* Task: Without the images, repeat every line of the listing exactly.

* Given information:
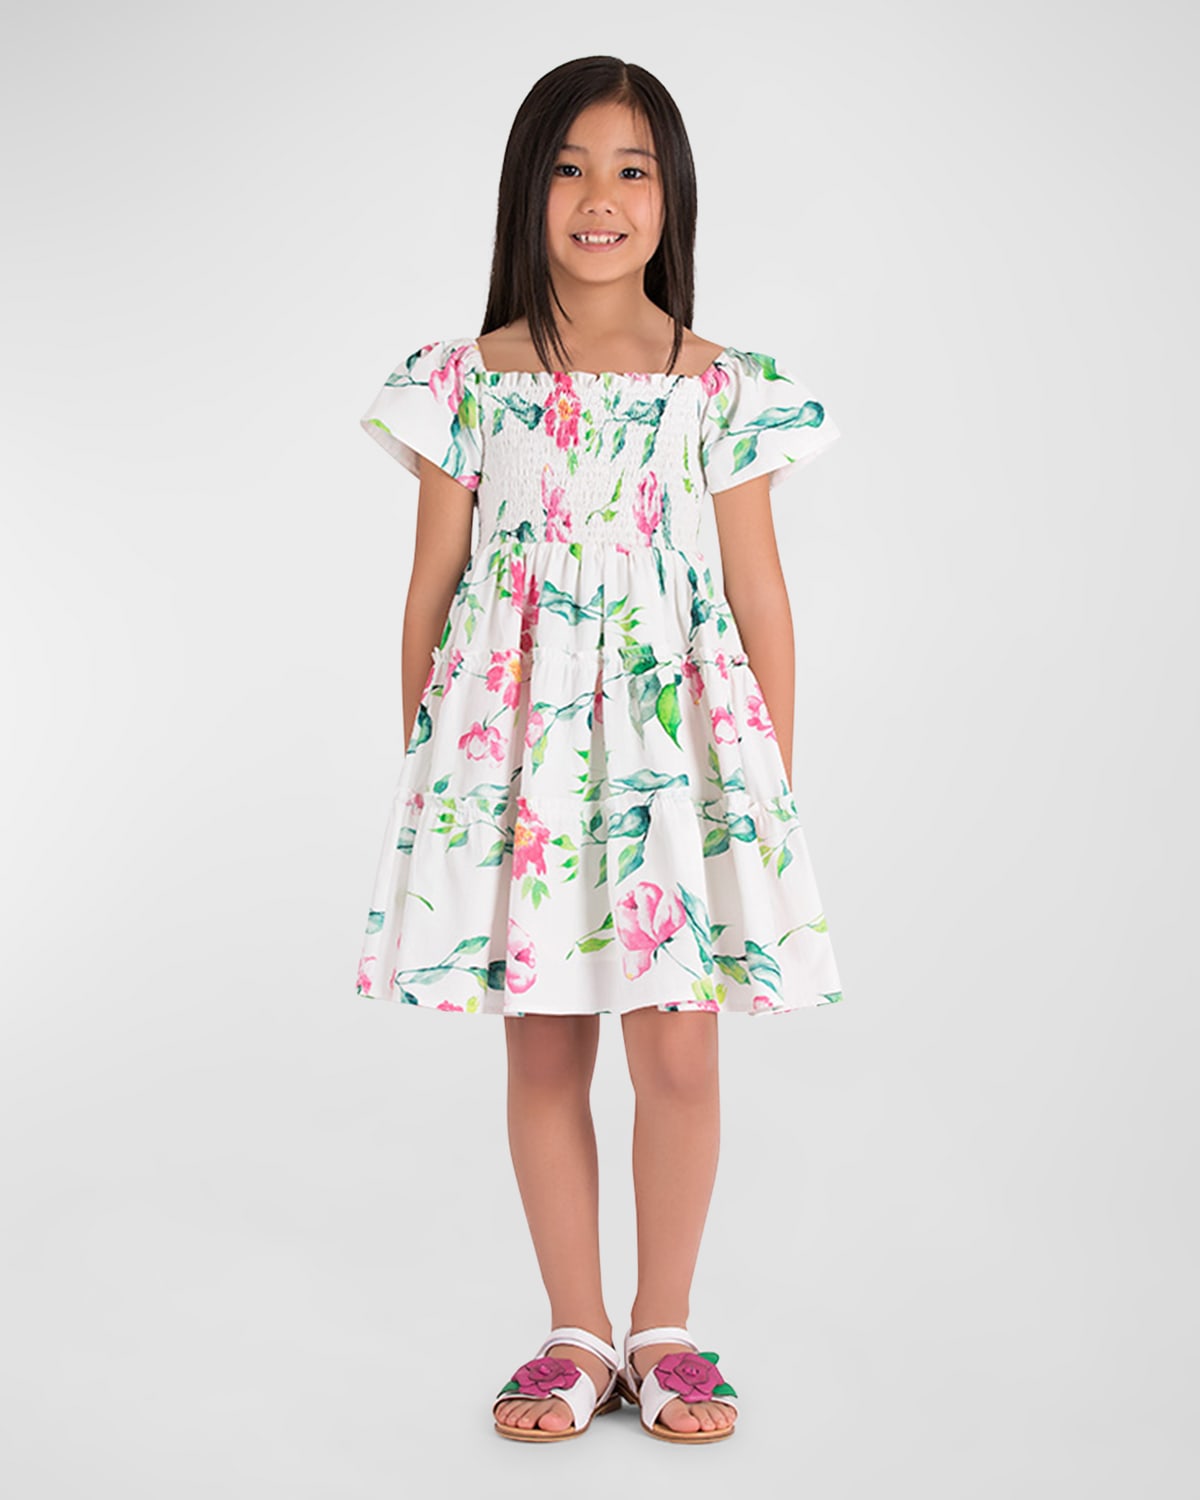 Mama Luma Kids' Girl's Floral Summer Smocked Cotton Mini Dress In White
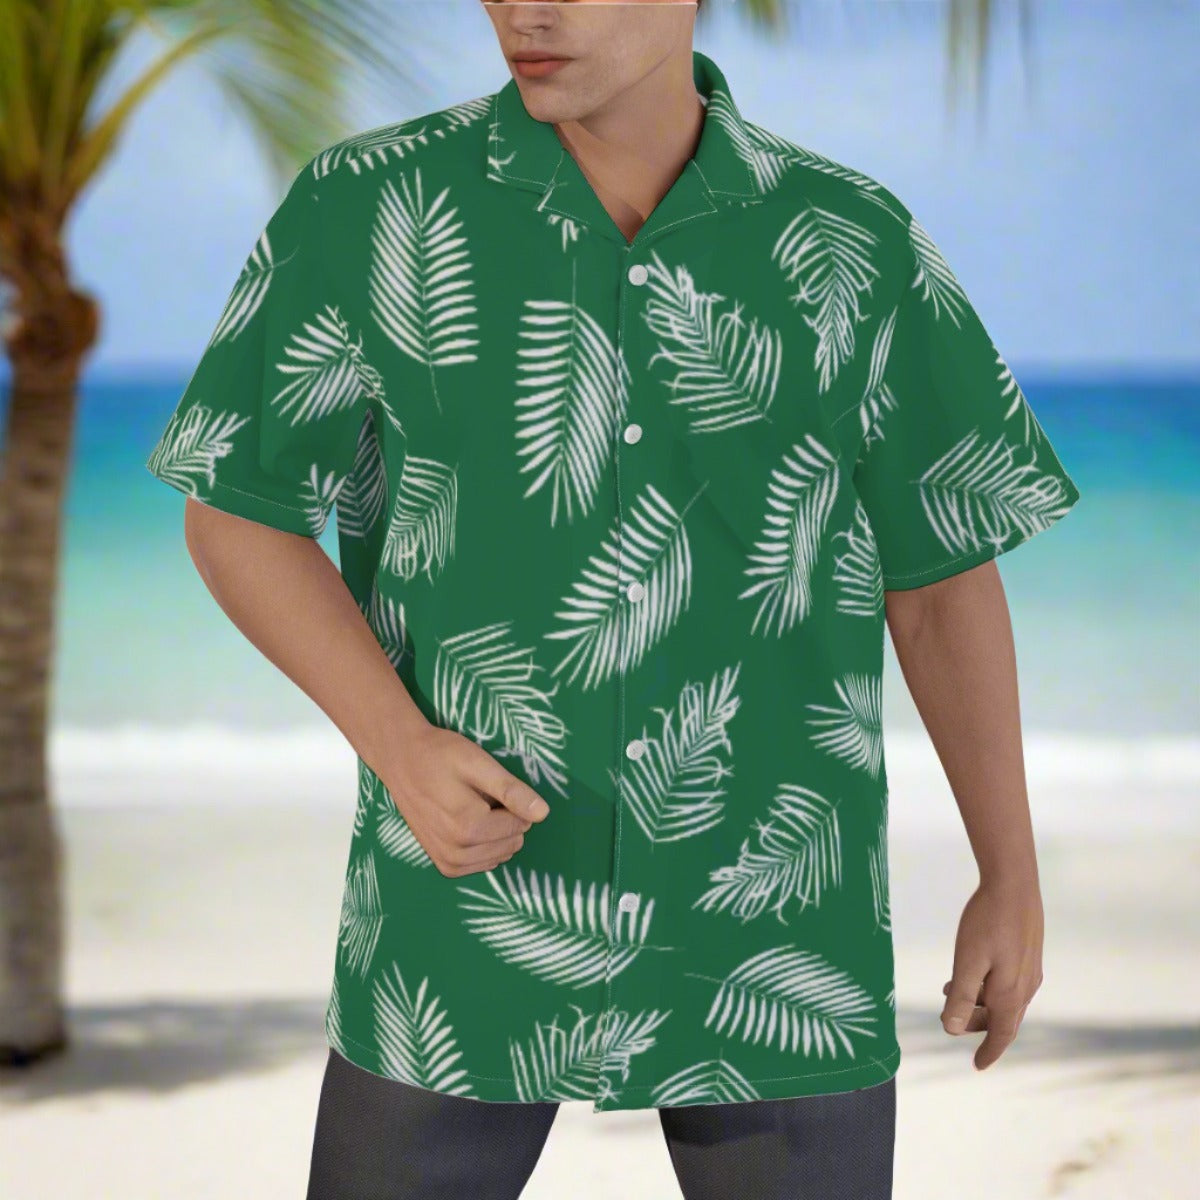 Classic Men's Green Leaf Resort Shirt, 99% Cotton Men's Shirt
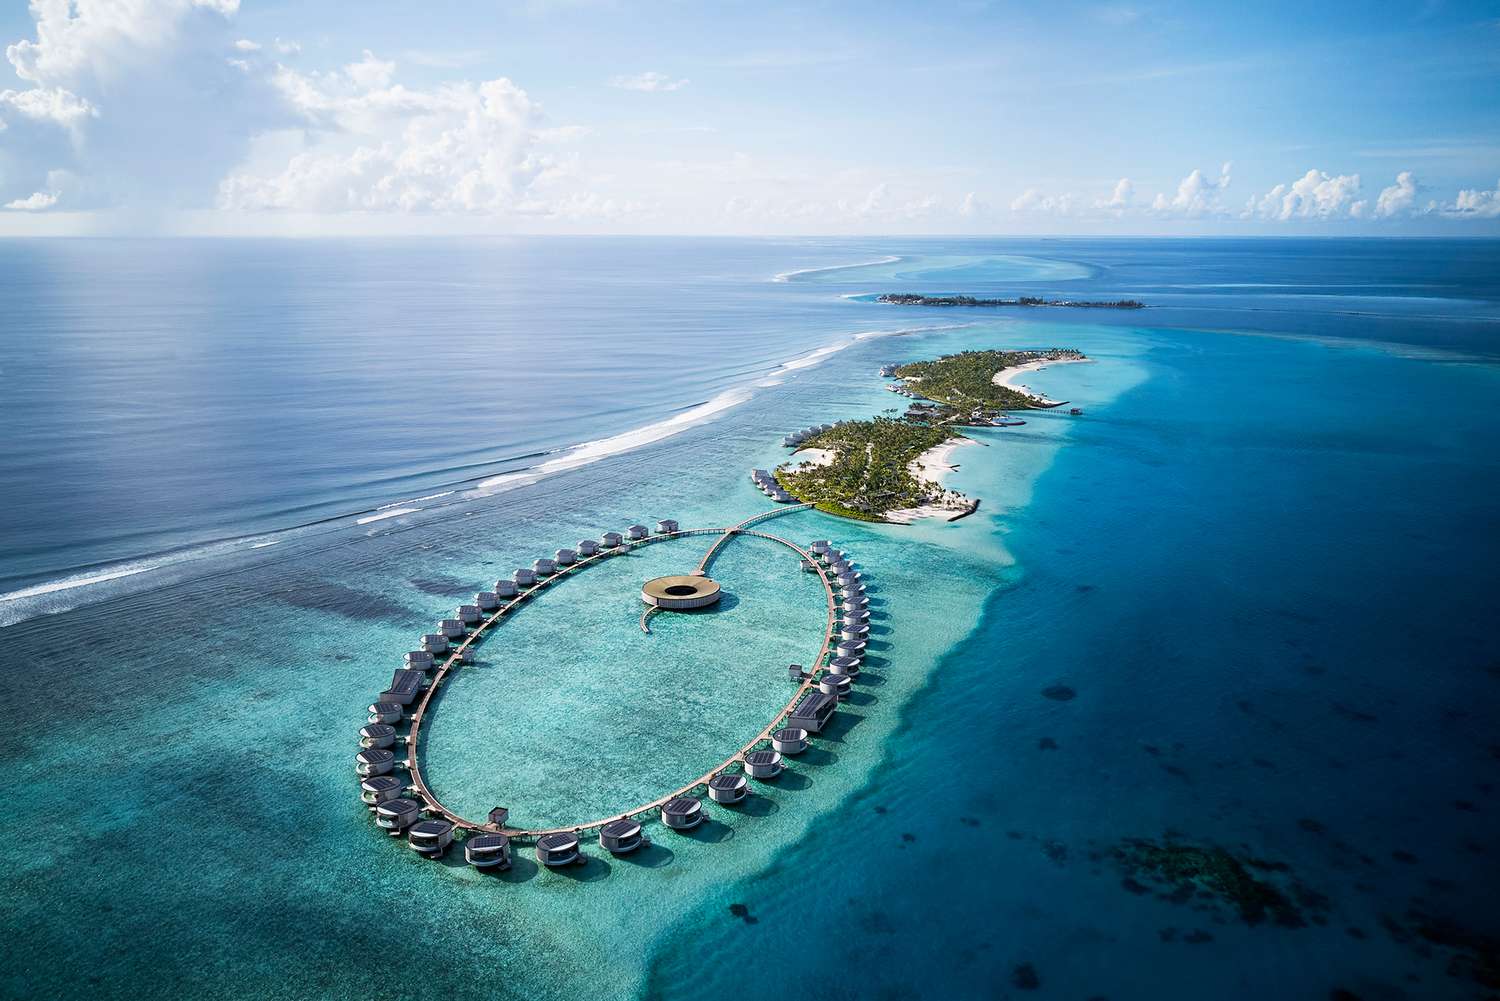 Aerial view of The Ritz-Carlton Maldives, Fari Islands

* Your response:
 Mama Luma Kids' Girl's Floral Summer Smocked Cotton Mini Dress In White
 Classic Men's Green Leaf Resort Shirt, 99% Cotton Men's Shirt
 Aerial view of The Ritz-Carlton Maldives, Fari Islands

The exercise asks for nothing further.